From as early as I can remember, my family and I have been in churches. My mother sang hymns in an Episcopalian boarding school as a child. Growing up, I thumbed through Bibles and hymnals in evangelical sanctuaries during holiday services, piano recitals, and choir concerts. For my undergraduate studies, I chose Seattle University, a Jesuit institution of higher learning. I was the sole Muslim in the university chapel choir, singing in Mass every Sunday. I flew to Zambia two years later to work at a Catholic school in Lusaka.
But as much as my experiences introduced me to diversity and complexity, they made me a target for the disdain and suspicion that often surrounded people of my faith.

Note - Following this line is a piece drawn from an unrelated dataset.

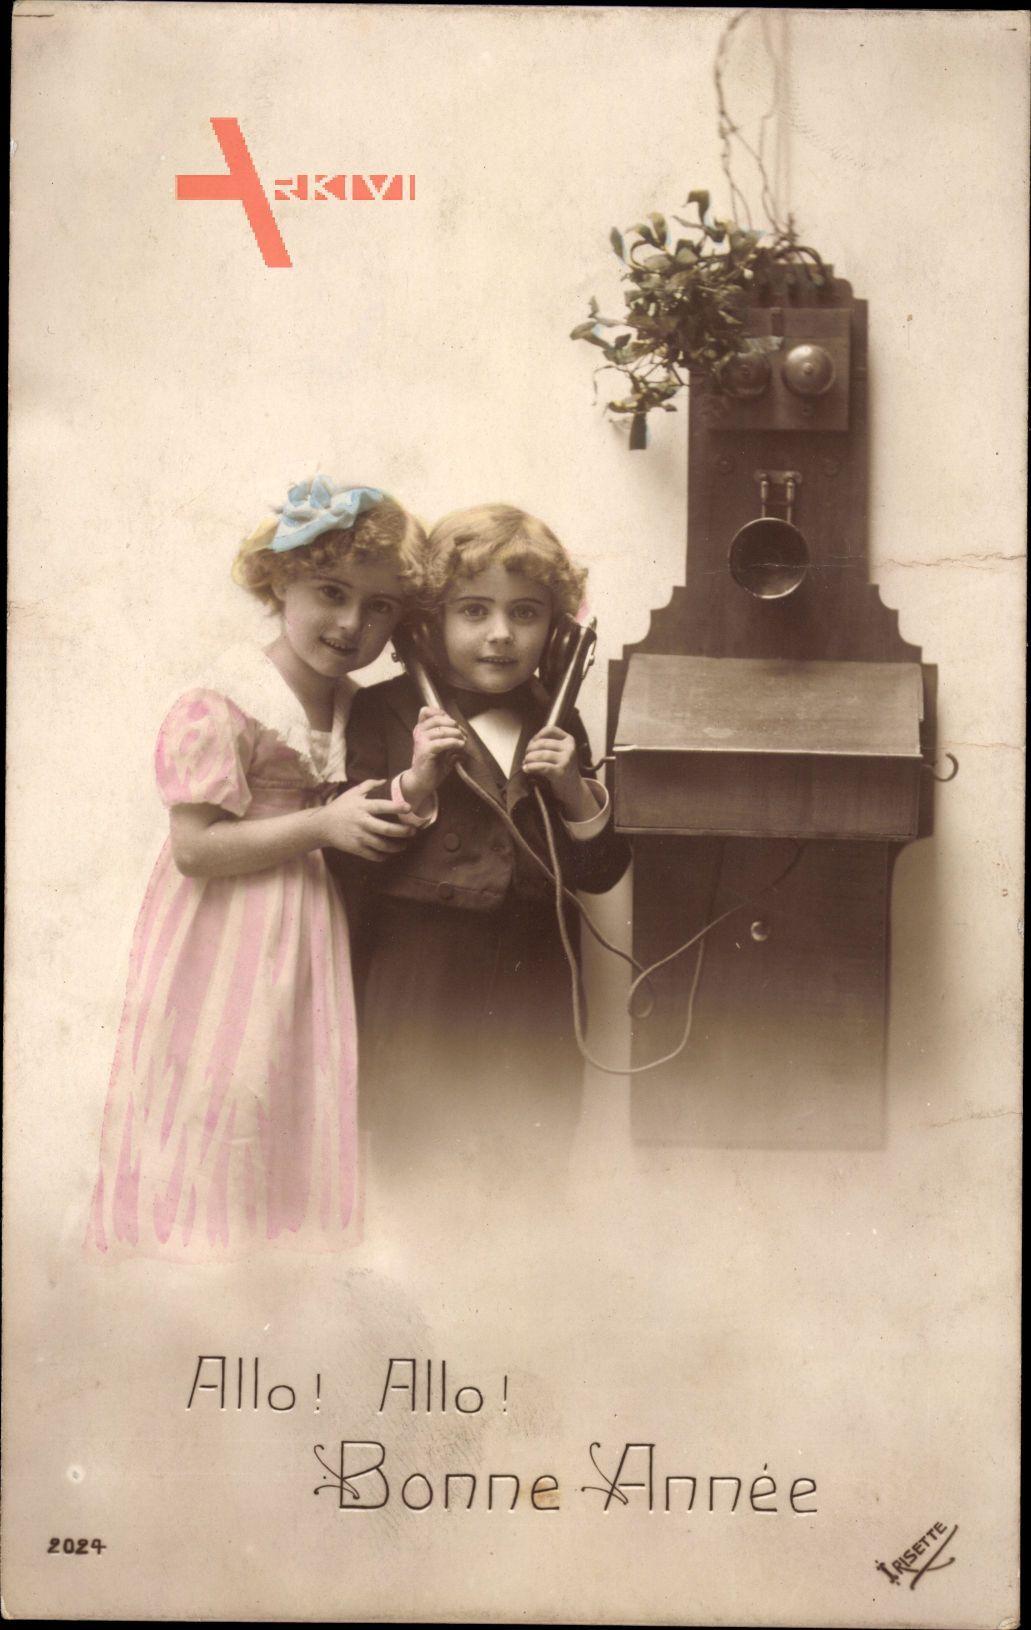 Glückwunsch Neujahr, Zwei Kinder am Telefon, Allo Allo

In church sanctuaries, my beliefs and way of life were sometimes met with hostility or calls for conversion. In middle and high school, classmates and strangers called upon me to make sense of acts of terror. In college, one internship supervisor demanded that I answer for terrorism. I became a target of hate speech on my college campus. Chapel choir no longer felt safe, and I left without explanation.
The truth is that my ability to practice my faith freely has never felt free.
So in a world where Muslims are judged often and with ferocity, I can only imagine the noor, the light, that Hajji-Daoud Nabi held as he stood at the door of the Al-Noor mosque that day, welcoming his brothers, his sisters, and a new stranger.
The belief that kindness is there—if you just open the door.
For many Muslims, it may be tempting to spurn the ideals that leads us to suspend suspicion and open our hearts. But my ultimate appeal is this:
We are never wrong to be and to live as exactly who we are.
We are never wrong to assume goodness in other people.
We are never wrong to open the door.
My experiences as a Muslim have not been easy. But as much as Islam has brought the bitterness of others into my life, it has brought beauty. I have gained a unique appreciation for the complexity facing Muslims today, and I have grappled with how to best represent my values without serving as an ambassador of Islam. I hold gratitude for the friends, coworkers and neighbors who value my right to be who I am.
I genuinely feel that the world is coming to know us for the humanity we represent. It is just not fast enough.
The world feels less welcome today. As much as I hold our pain, I offer our promise. And Inshallah, our hope will be rewarded.